■ **Directions**
Could you please transcribe the data exactly, without the pictures?

■ **Collected data**
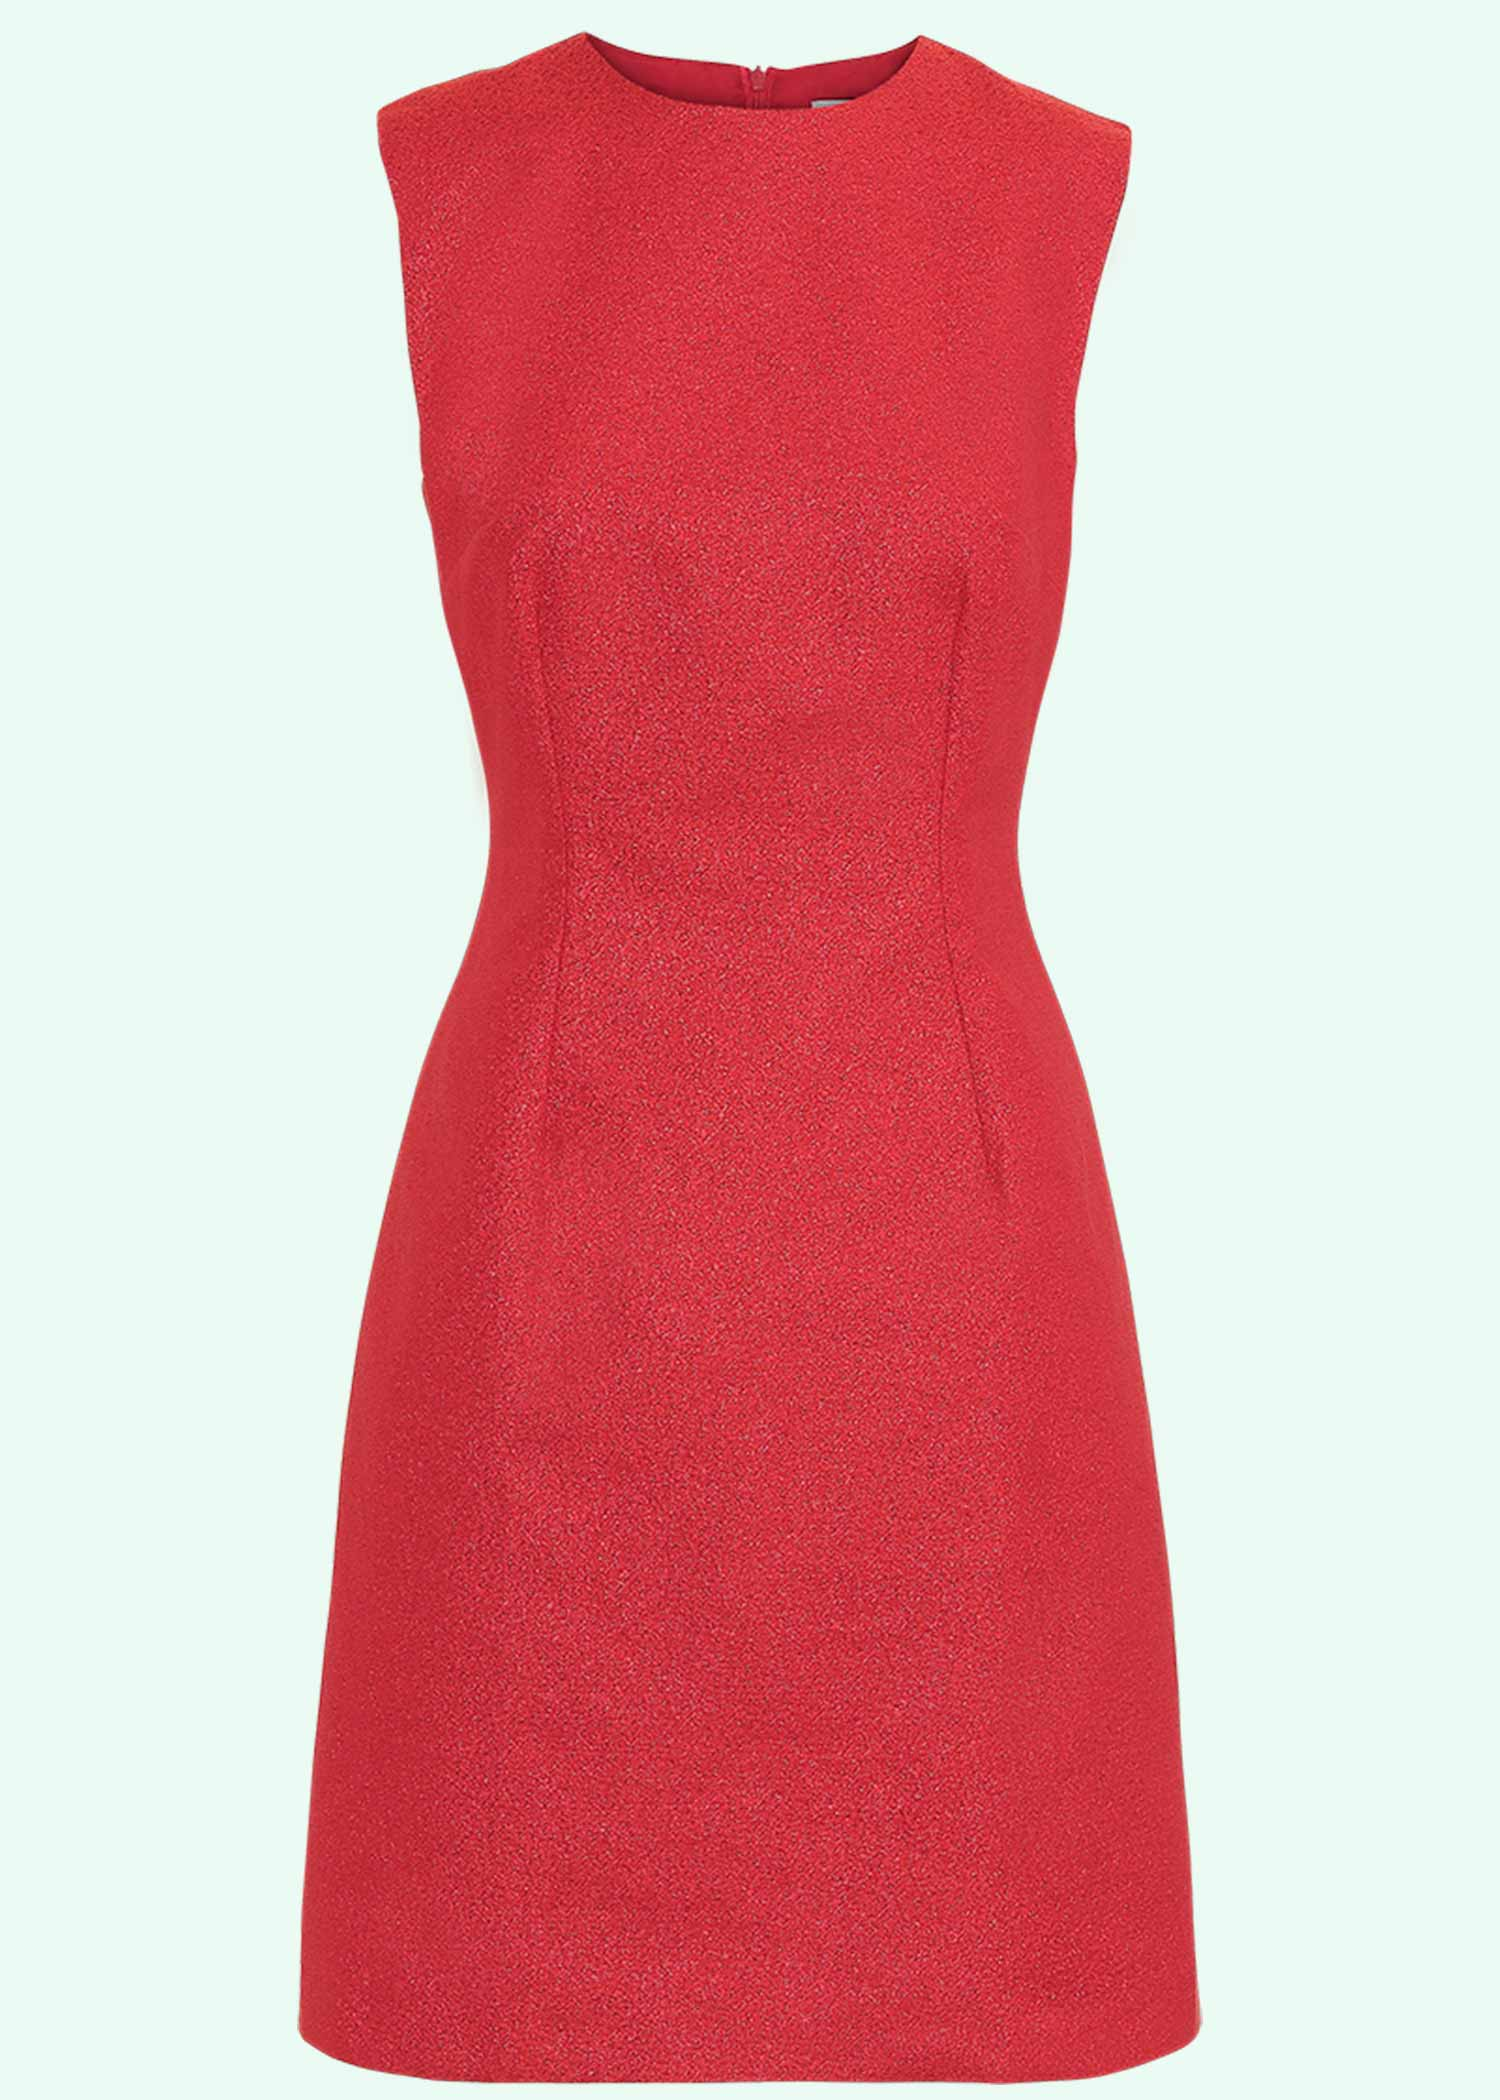 60'er Mini kjole i rød glitter fra Marmalade
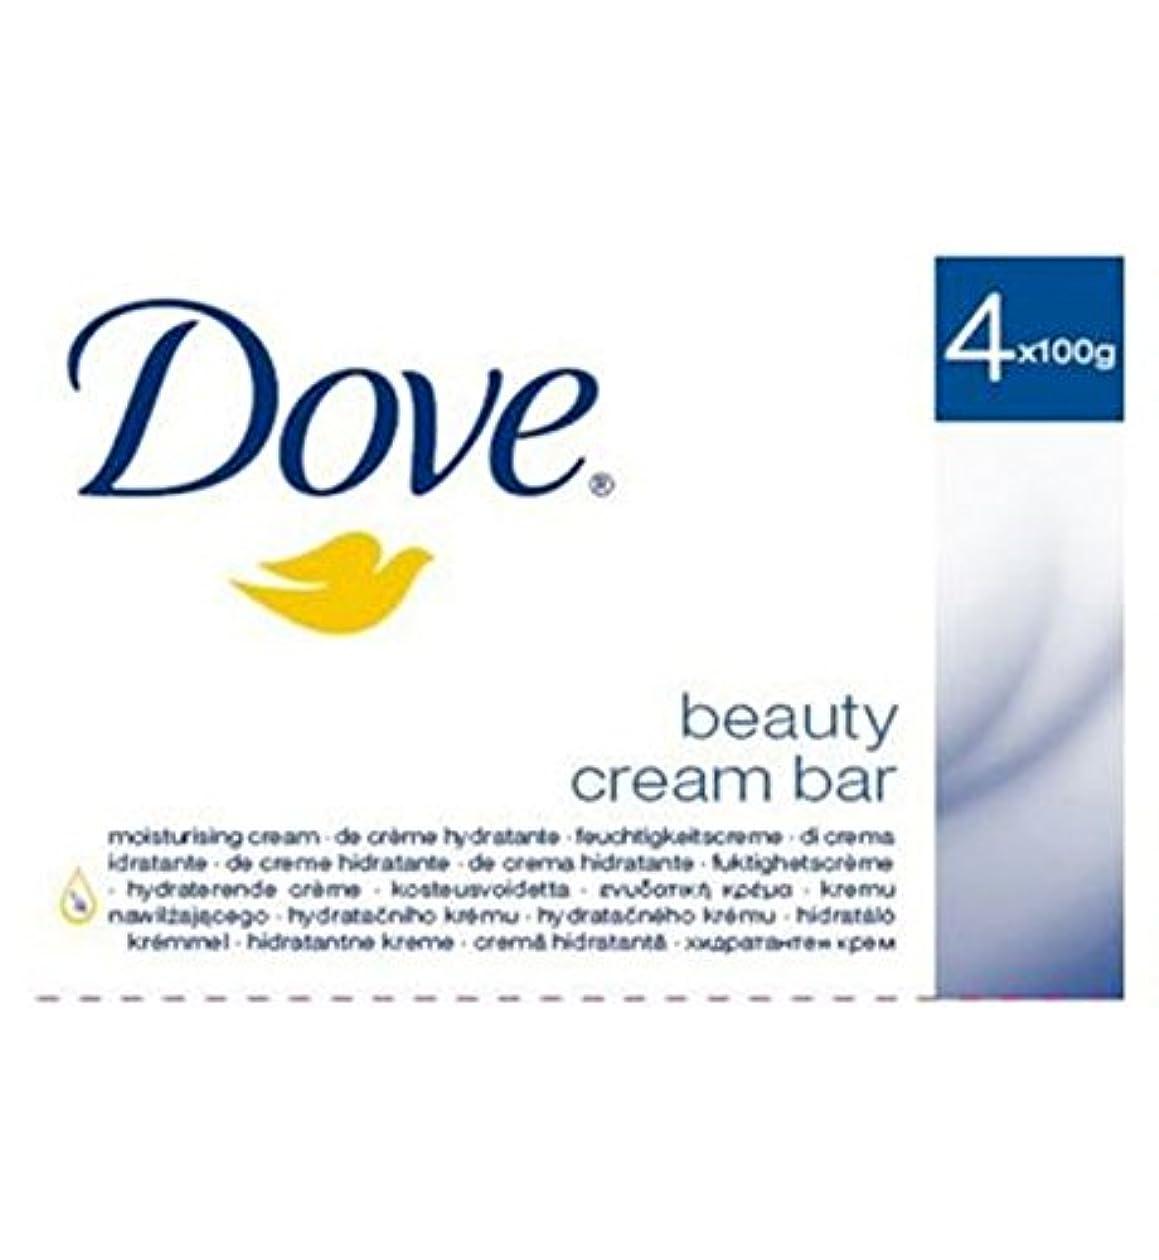 寺院女優サミュエル鳩元の美しさのクリームバー4のX 100グラム (Dove) (x2) - Dove Original Beauty Cream Bar 4 x 100g (Pack of 2) [並行輸入品]
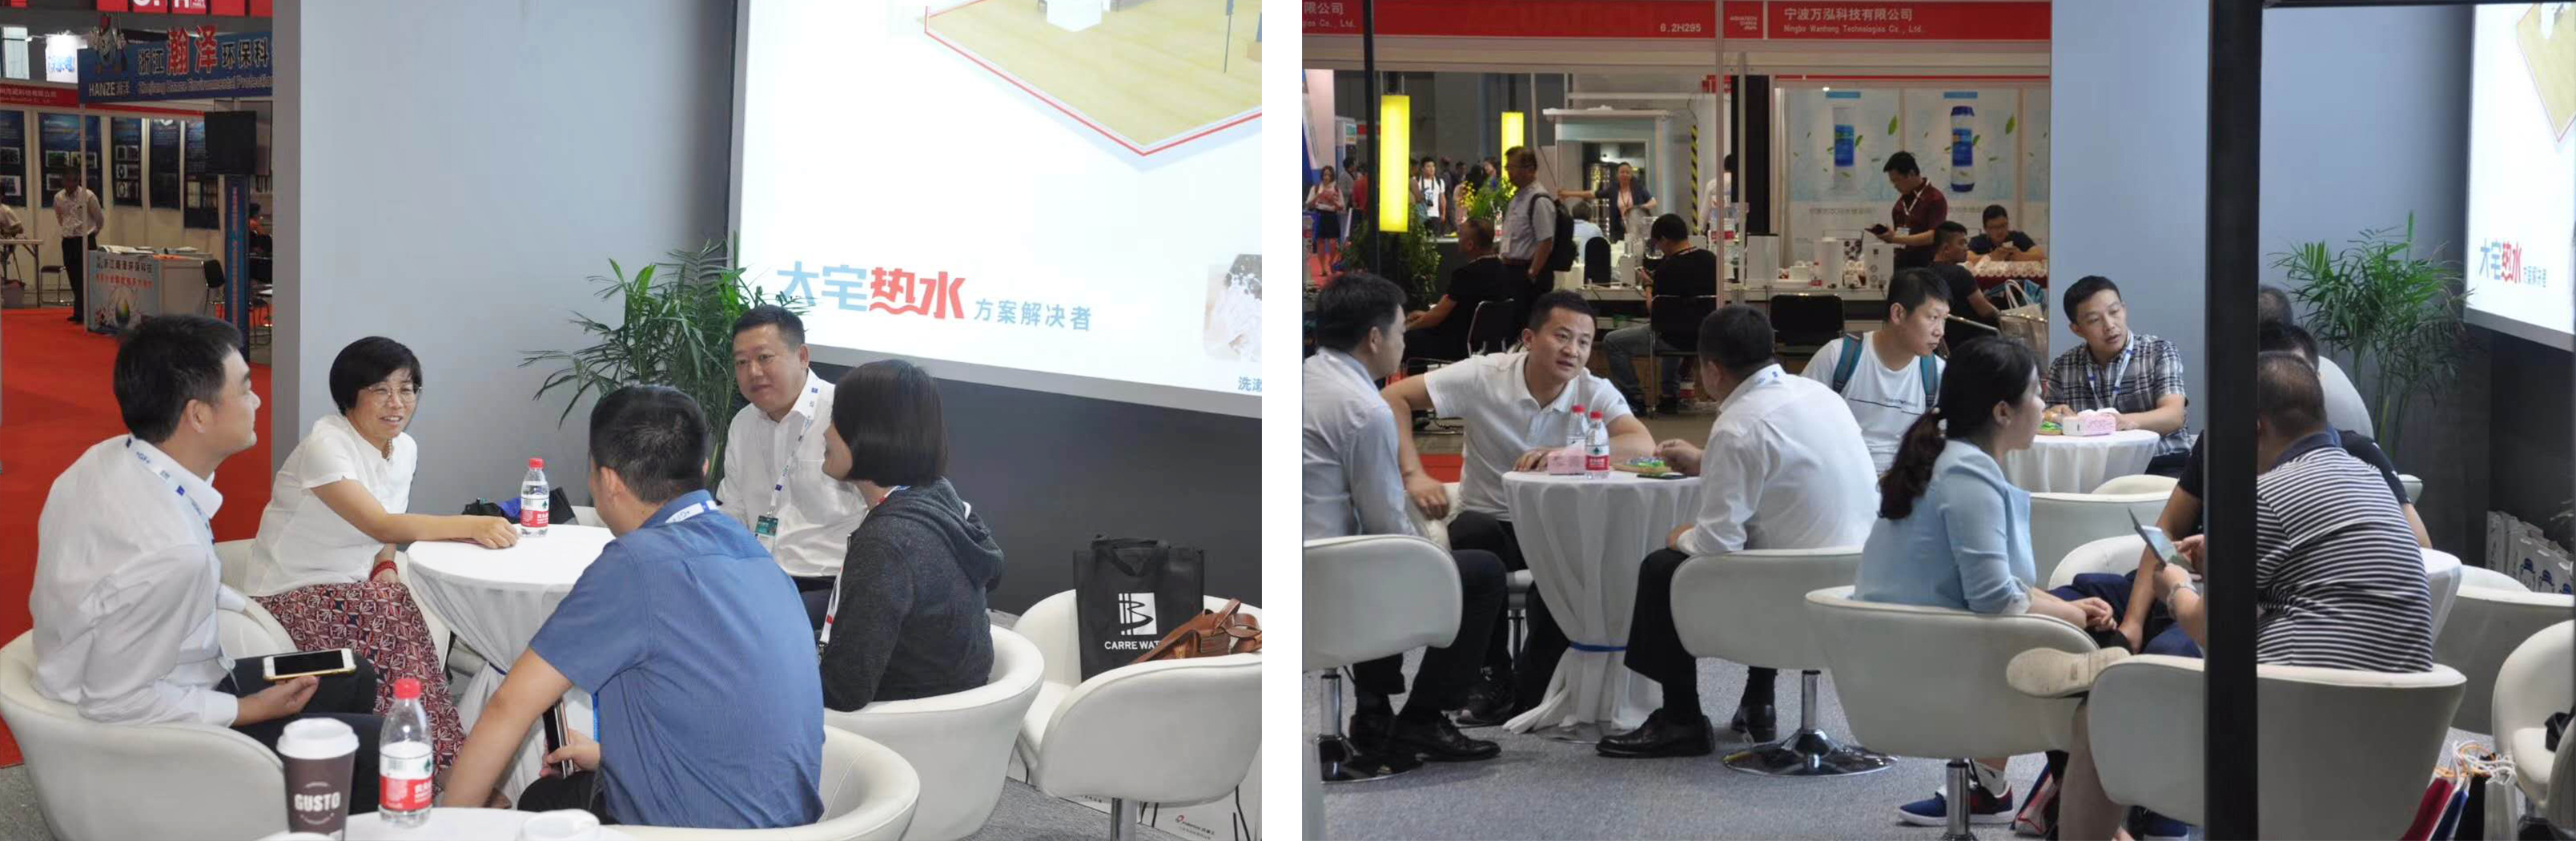 盛况空前-PURPOSE百富士一枝独秀上海国际建筑水展 展商动态 第7张
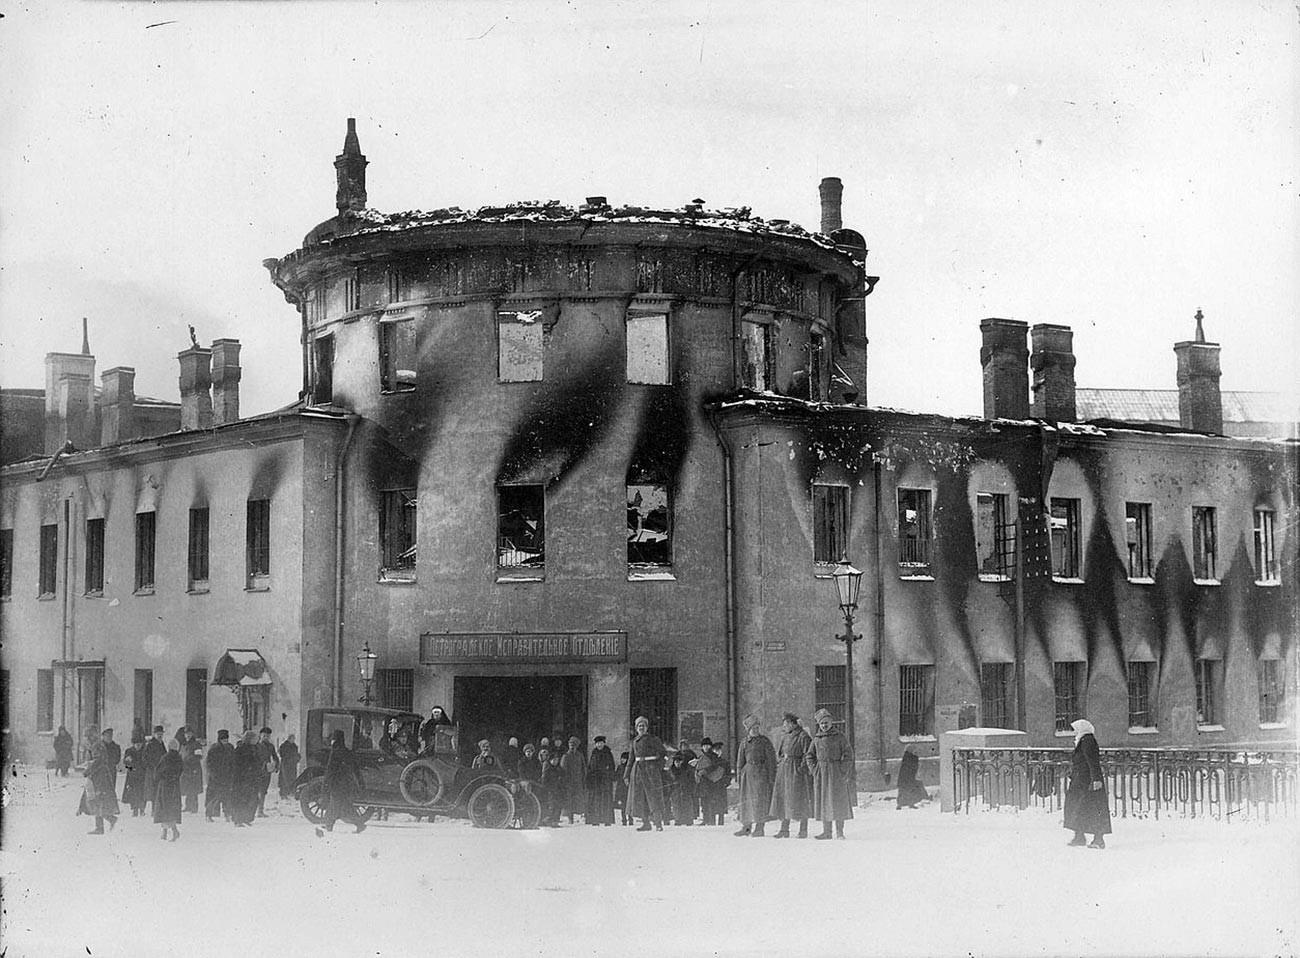 Devant le château de Lituanie incendié, ancienne prison de la ville de Saint-Pétersbourg, après 1917

■ **Task result**
 60'er Mini kjole i rød glitter fra Marmalade
 寺院女優サミュエル鳩元の美しさのクリームバー4のX 100グラム (Dove) (x2) - Dove Original Beauty Cream Bar 4 x 100g (Pack of 2) [並行輸入品]
 盛况空前-PURPOSE百富士一枝独秀上海国际建筑水展 展商动态 第7张
 Devant le château de Lituanie incendié, ancienne prison de la ville de Saint-Pétersbourg, après 1917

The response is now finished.